Pseudomonas aeruginosa can induce infections that lead to a rapid loss of visual function. The current therapy includes antibiotic treatment that reduces the bacterial burden, nevertheless tissue damage occurs as a result of an uncontrolled inflammation. Our preliminary experiments have uncovered that mice deficient for macro- phage migration inhibitory factor (MIF) were protected from acute P. aeruginosa keratitis. This improvement was manifested as improved bacterial clearance, decreased neutrophil infiltration, decreased inflammatory responses in the MIF-knockouts when compared to P. aeruginosa infected wild type control mice. These experiments led to the hypothesis that inhibition of MIF during P. aeruginosa keratitis will result in a controlled inflammation and will be therapeutically beneficial.
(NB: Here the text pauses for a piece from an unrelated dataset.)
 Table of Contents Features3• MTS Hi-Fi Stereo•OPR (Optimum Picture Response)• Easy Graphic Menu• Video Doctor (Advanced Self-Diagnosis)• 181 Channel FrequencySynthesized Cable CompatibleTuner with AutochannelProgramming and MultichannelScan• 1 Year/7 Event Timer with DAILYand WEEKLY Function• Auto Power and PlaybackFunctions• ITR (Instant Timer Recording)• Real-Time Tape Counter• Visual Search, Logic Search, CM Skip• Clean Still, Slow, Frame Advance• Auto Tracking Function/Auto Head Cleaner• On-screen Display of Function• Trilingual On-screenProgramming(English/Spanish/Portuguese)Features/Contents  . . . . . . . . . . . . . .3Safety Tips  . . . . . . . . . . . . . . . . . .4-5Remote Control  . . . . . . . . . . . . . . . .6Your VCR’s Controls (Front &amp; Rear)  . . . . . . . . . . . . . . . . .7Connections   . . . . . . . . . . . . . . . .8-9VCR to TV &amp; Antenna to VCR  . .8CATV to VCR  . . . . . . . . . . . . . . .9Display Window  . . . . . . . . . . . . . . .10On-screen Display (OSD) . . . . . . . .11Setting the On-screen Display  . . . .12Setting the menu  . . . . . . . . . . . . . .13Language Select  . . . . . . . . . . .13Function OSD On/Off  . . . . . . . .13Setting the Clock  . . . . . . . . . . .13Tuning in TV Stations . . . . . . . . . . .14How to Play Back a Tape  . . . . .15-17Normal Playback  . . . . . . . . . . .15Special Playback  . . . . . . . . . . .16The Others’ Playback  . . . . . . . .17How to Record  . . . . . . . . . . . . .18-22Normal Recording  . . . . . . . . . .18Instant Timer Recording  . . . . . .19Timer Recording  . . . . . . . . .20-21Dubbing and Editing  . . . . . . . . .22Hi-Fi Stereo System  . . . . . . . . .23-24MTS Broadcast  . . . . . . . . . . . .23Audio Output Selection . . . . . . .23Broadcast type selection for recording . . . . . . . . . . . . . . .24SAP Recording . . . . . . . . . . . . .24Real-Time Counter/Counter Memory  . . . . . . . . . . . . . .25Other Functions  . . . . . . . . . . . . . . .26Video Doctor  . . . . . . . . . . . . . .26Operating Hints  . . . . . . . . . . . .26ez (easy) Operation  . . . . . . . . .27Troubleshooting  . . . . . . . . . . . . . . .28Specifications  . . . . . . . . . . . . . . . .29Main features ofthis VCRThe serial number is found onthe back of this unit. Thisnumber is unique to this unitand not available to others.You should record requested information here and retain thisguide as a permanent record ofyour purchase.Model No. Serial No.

We propose to pursue this hypothesis 1) by exploring the role of MIF in regulating the susceptibility to infection induced by a variety of cytotoxic and invasive clinical isolates of P. aeruginosa in a mouse model of keratitis. The innate immune response to P. aeruginosa-induced infection will be characterized in MIF knockout mice and compared to that in C57BL6 control mice. The inflammatory responses during infection, PMN recruitment and disease severity will be evaluated. In addition, we will assess 2) the prophylactic and therapeutic potential of small molecule inhibitors of MIF or anti-MIF antibodies in prevention and treatment of the P. aeruginosa corneal infections of C57BL6 mice. This will be achieved by determining the effect of MIF inhibition on disease development that will be characterized by analysis of the bacterial burden and PMN infiltration in the cornea after infection. Finally, we will evaluate 3) the role of MIF as a modulator of the inflammatory responses. In this aim we will identify MIF-dependent pro-inflammatory mediators whose expression is changed at RNA and/or protein level by either quantitative real-time PCR or ELISA. We will establish the molecular mechanism of MIF function by testing whether MIF regulates the expression of inflammatory mediators by affecting the MAPK signaling pathways or by overriding the glucocorticoid effects in the corneal epithelial cells during infection. The expected impact of the proposed project is to ascertain a new molecular target for therapy which, when inhibited, will control the inflammatory responses during infection, limit tissue damage and facilitate an efficient healing process.

Public Health Relevance

Bacterial keratitis is a sight-threatening complication of contact lens wear and eye trauma and Pseudomonas aeruginosa is a commonly isolated pathogen that can damage the eye integrity during keratitis. We have identified an important molecule-macrophage migration inhibitory factor (MIF)-that is involved in the pathogenesis of P.aeruginosa-induced infection. The project investigates whether inhibition of MIF can be used as a therapeutic to reduce the level of inflammation and, thus, improve recovery from acute infection. Knowledge gained from these experiments will allow design of better drugs for eye infections that are not limited to P.aeruginosa induced keratitis, but also have broader applications.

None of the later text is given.